Which yields the desired parameters:

a[sp1]
a[sp2]
a[sp1, season1]
a[sp2, season2]
b[sp1]
...

Note that, for this problem, I’m not interested in getting parameters like a[sp1, season1, female, mature].

I’m assuming that extending the model to include the other factors requires either working with the indices or some form of matrix multiplication; however, I have not found a way other than (quite suboptimally) constructing three separate hierarchical models for the factor-level parameters (one for each factor) and another for the species.

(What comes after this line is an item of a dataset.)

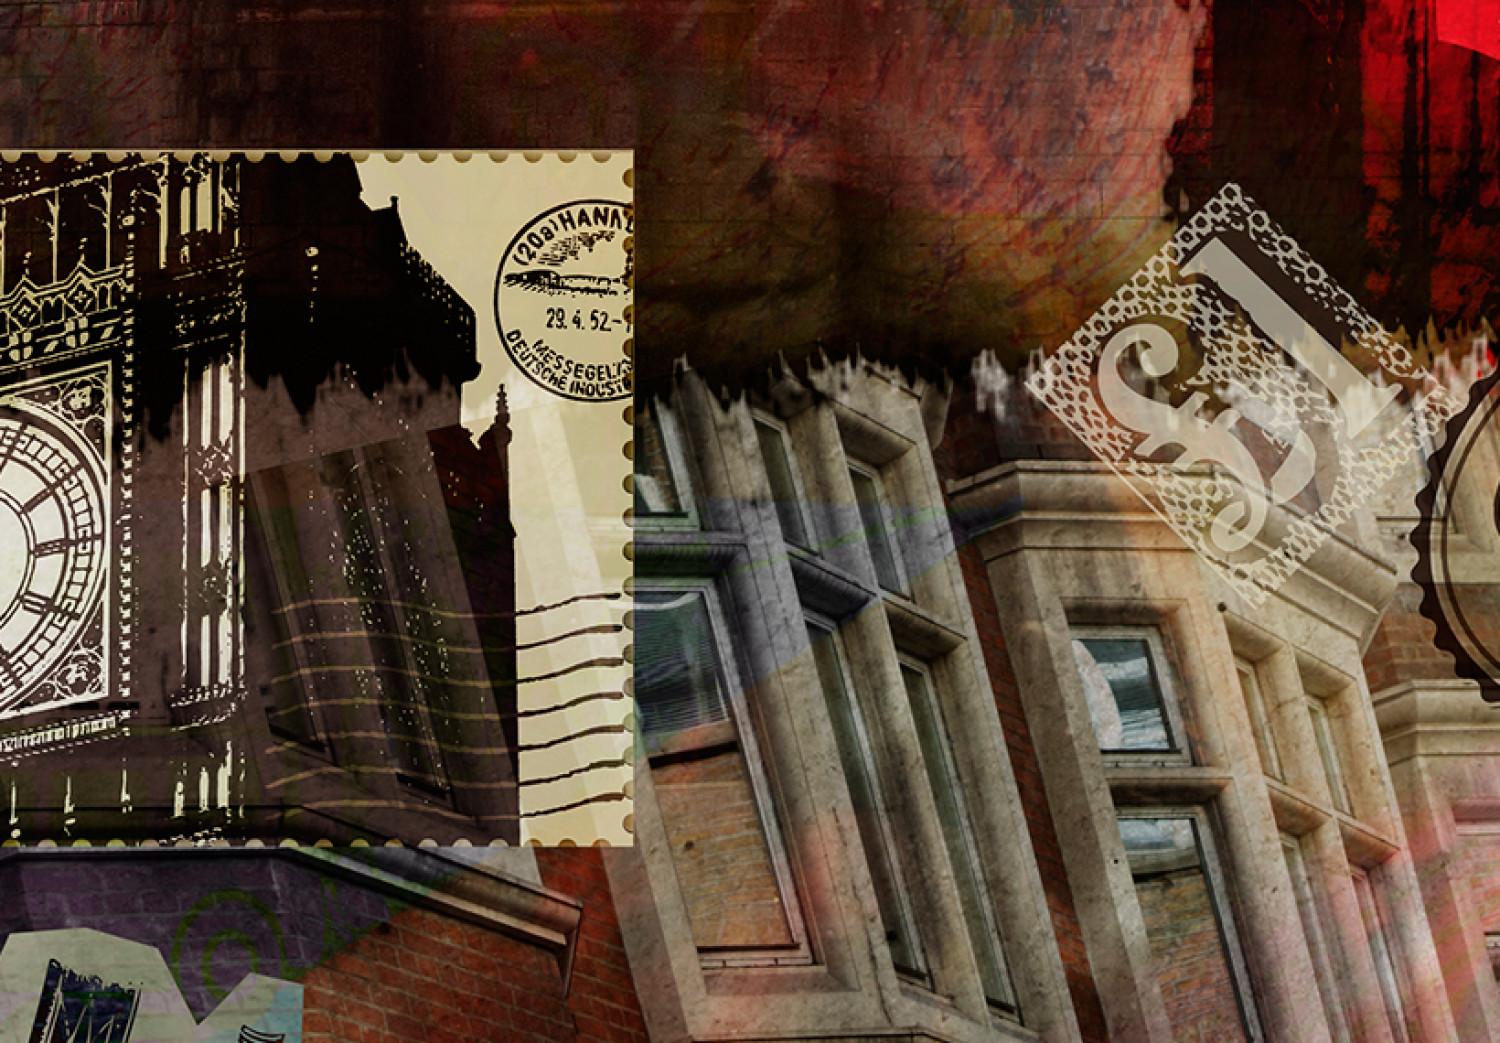 Cuadro decorativo Londres collage - tríptico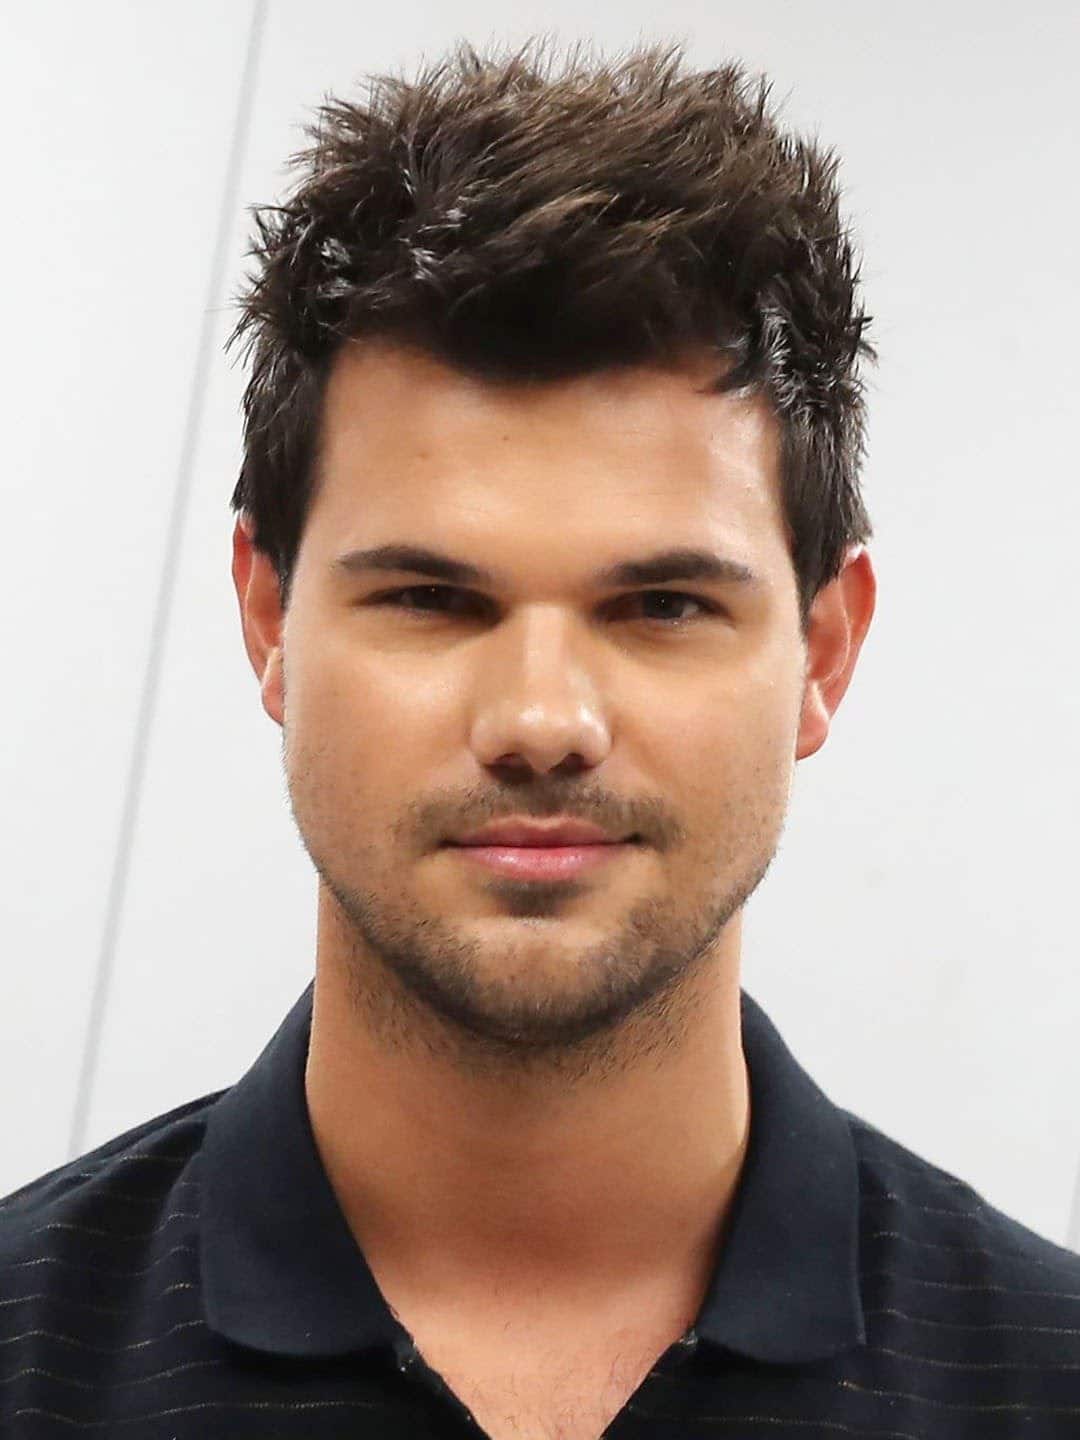 Taylor Lautner American Actor, Voice Actor, Model

Any suggestions will be appreciated.

1 Like

Hmm could you say a bit about why? It does sound like you’d want 16 unique intercepts and 16 slopes (assuming 2 species, seasons, sexes, maturity levels). So having each parameter get four indexes would be on track?

Regardless, one option to simplify the indexing is to build a coding scheme which takes every combination of the sub-species level properties and builds a single index. So if there are 8 combinations of sex, season, maturity, you code have a variable 0-7 that indicates which combination you are on. For example male, winter, immature might be 0 while female, summer, mature might be 7. Then coding the multilevel model isn’t too complex.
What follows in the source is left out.